- _MATERIAL PROVIDED_
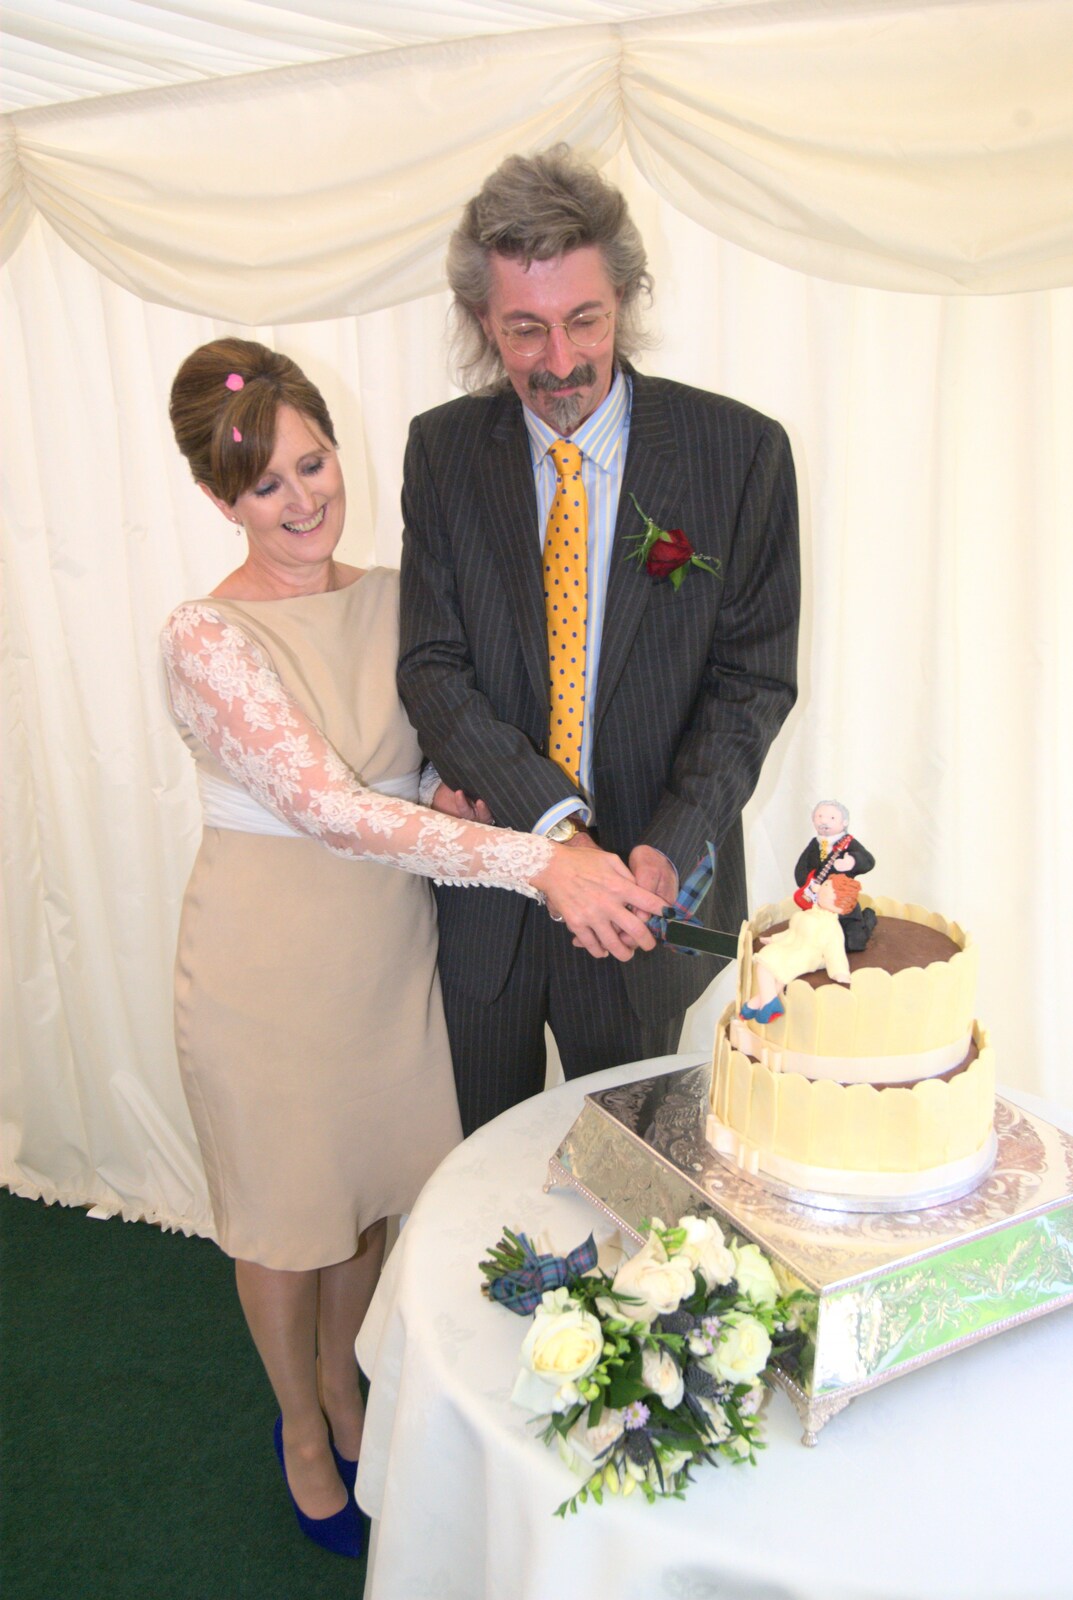 Wilma and Rob cut the cake from Rob and Wilma's Wedding, Thornham and Thrandeston, Suffolk - 6th August 2011
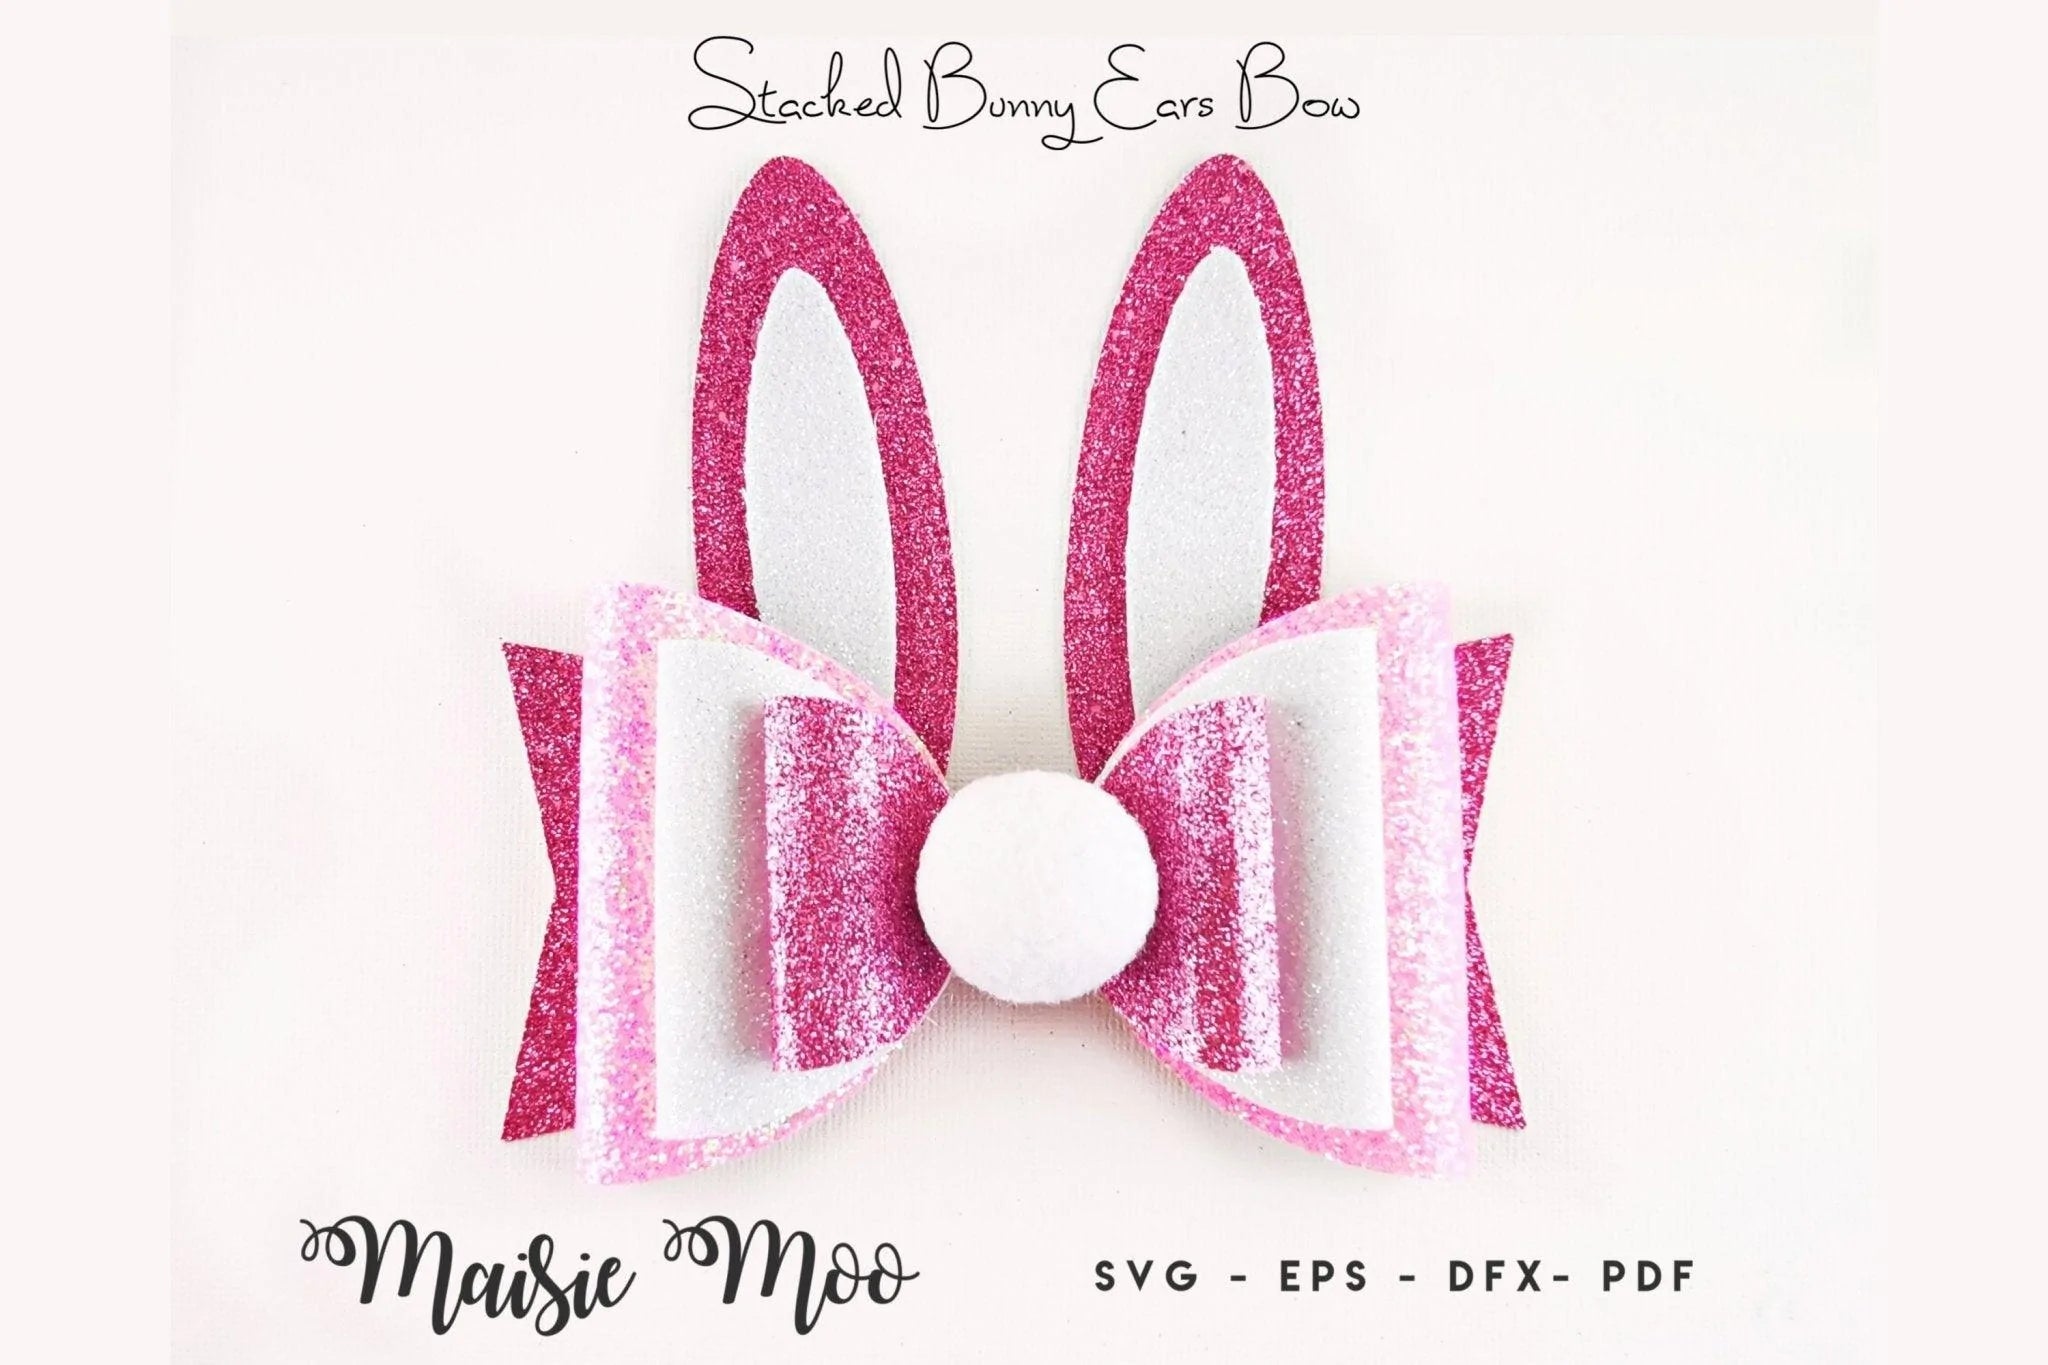 Combined Bow & Earring Card SVG – Maisie Moo
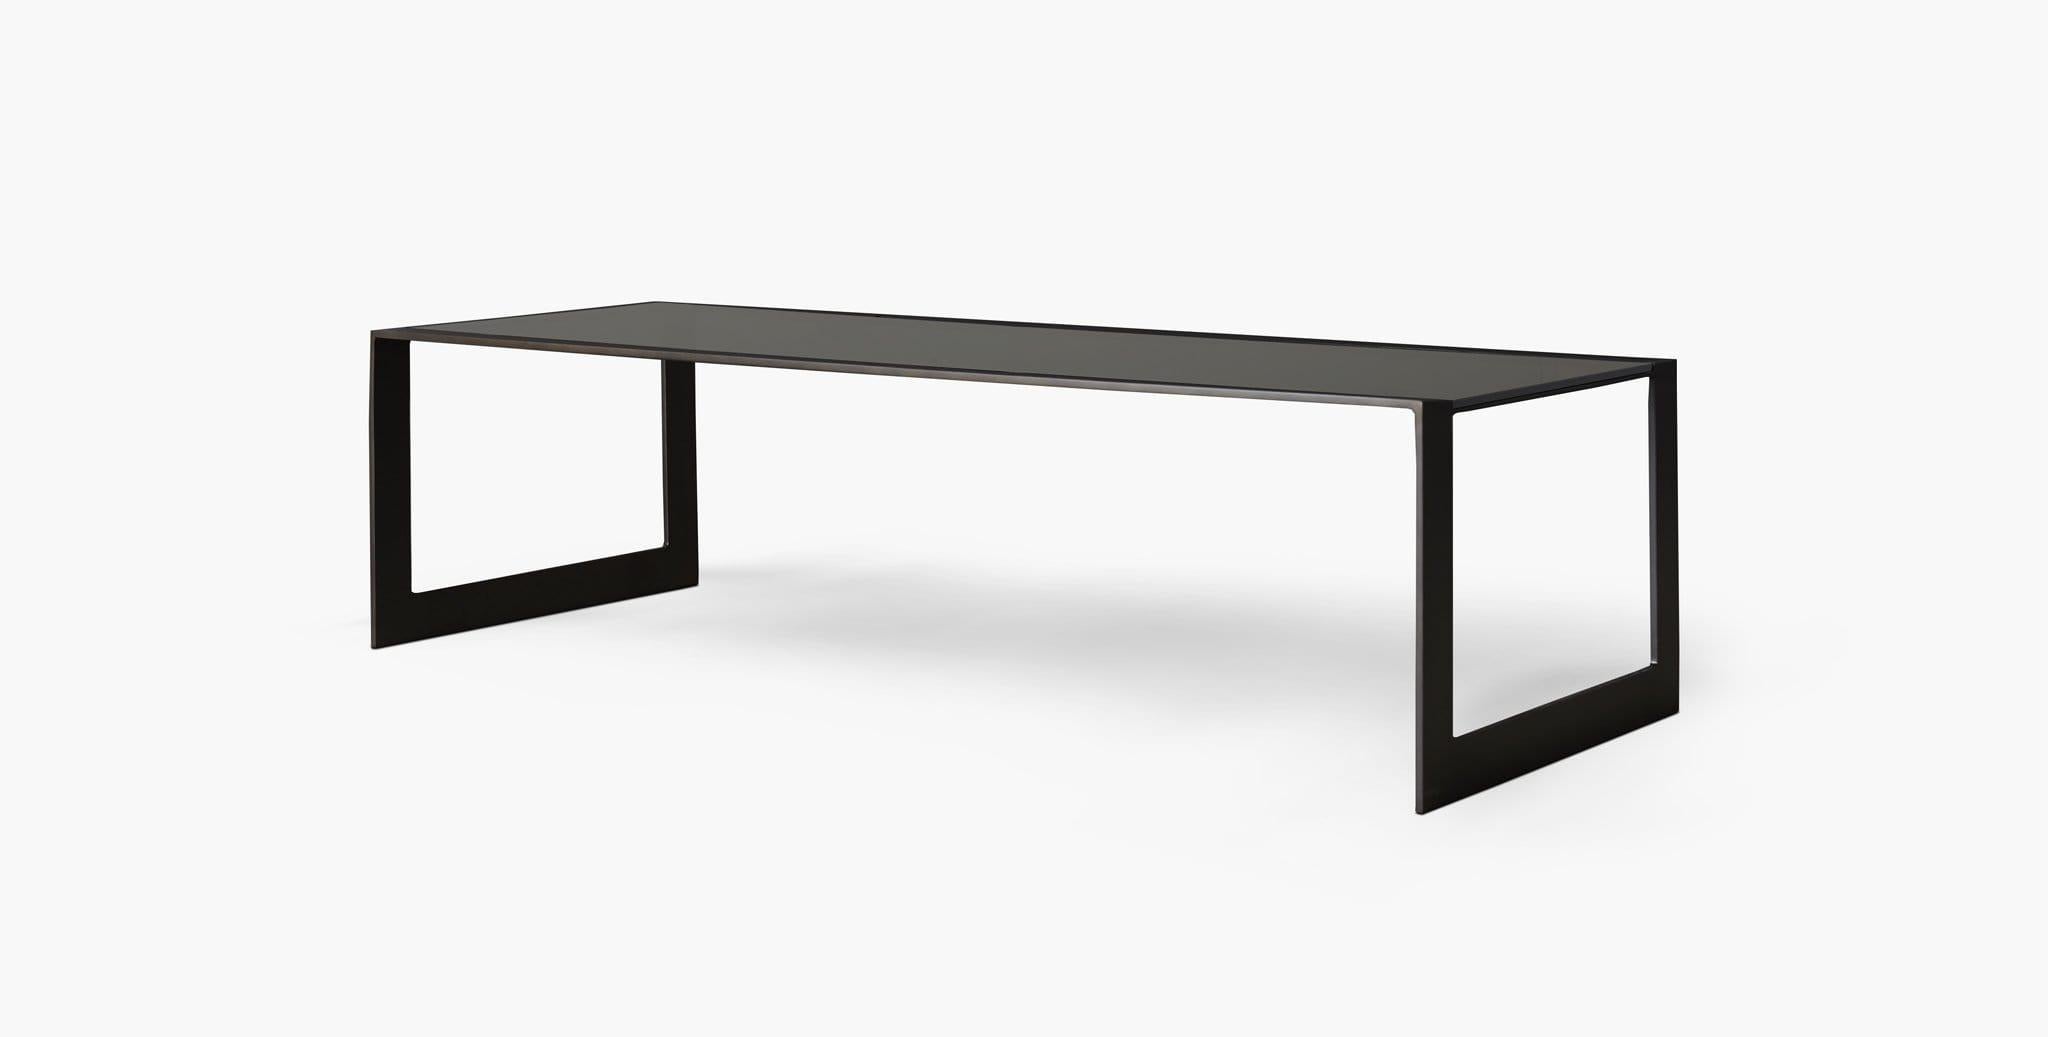 Our Hawthorn Coffee Table with its open u-leg metal base, offers clean angular lines paired with an element of texture by way of hand-laid glass. Our handcrafted fabrics, leathers, and finishes are inspired by the natural variations within fibers,
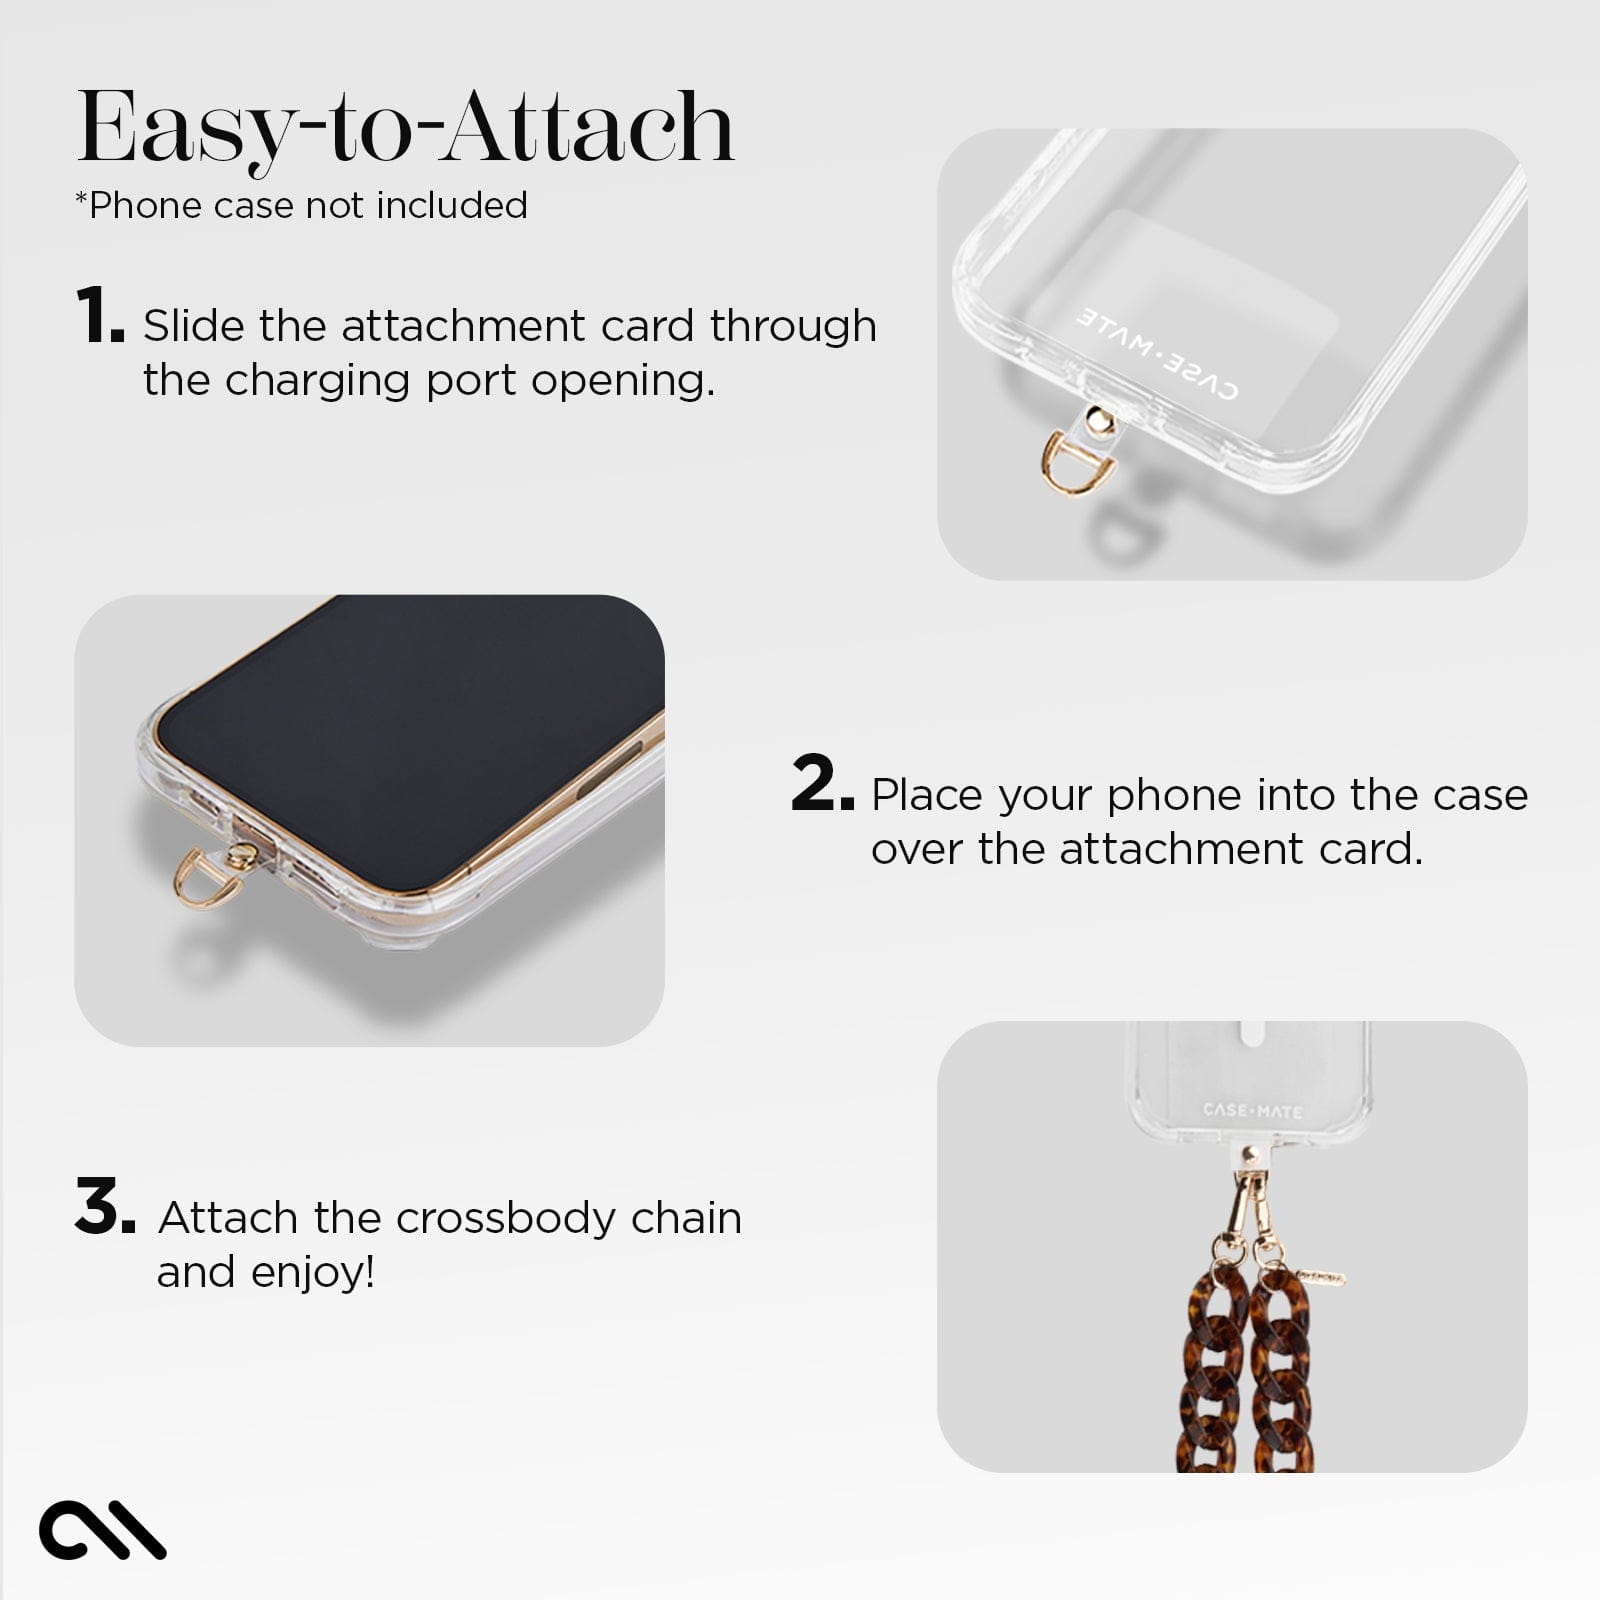 EASY TO ATTACH. *PHONE CASE NOT INCLUDED. 1. SLIDE THE ATTACHMENT CARD THROUGH THE CHARGING PORT OPENING. 2. PLACE YOUR PHONE INTO THE CASE OVER THE ATTACHMENT CARD. 3. ATTACH THE CROSSBODY CHAIN AND ENJOY!

- _PROBLEM REQUIREMENTS_
Print the material above word for word, first line through the line with "Our Hawthorn Coffee", and leave every picture out.

- _REPLY_
 Wilma and Rob cut the cake from Rob and Wilma's Wedding, Thornham and Thrandeston, Suffolk - 6th August 2011
 Combined Bow & Earring Card SVG – Maisie Moo
 Our Hawthorn Coffee Table with its open u-leg metal base, offers clean angular lines paired with an element of texture by way of hand-laid glass. Our handcrafted fabrics, leathers, and finishes are inspired by the natural variations within fibers,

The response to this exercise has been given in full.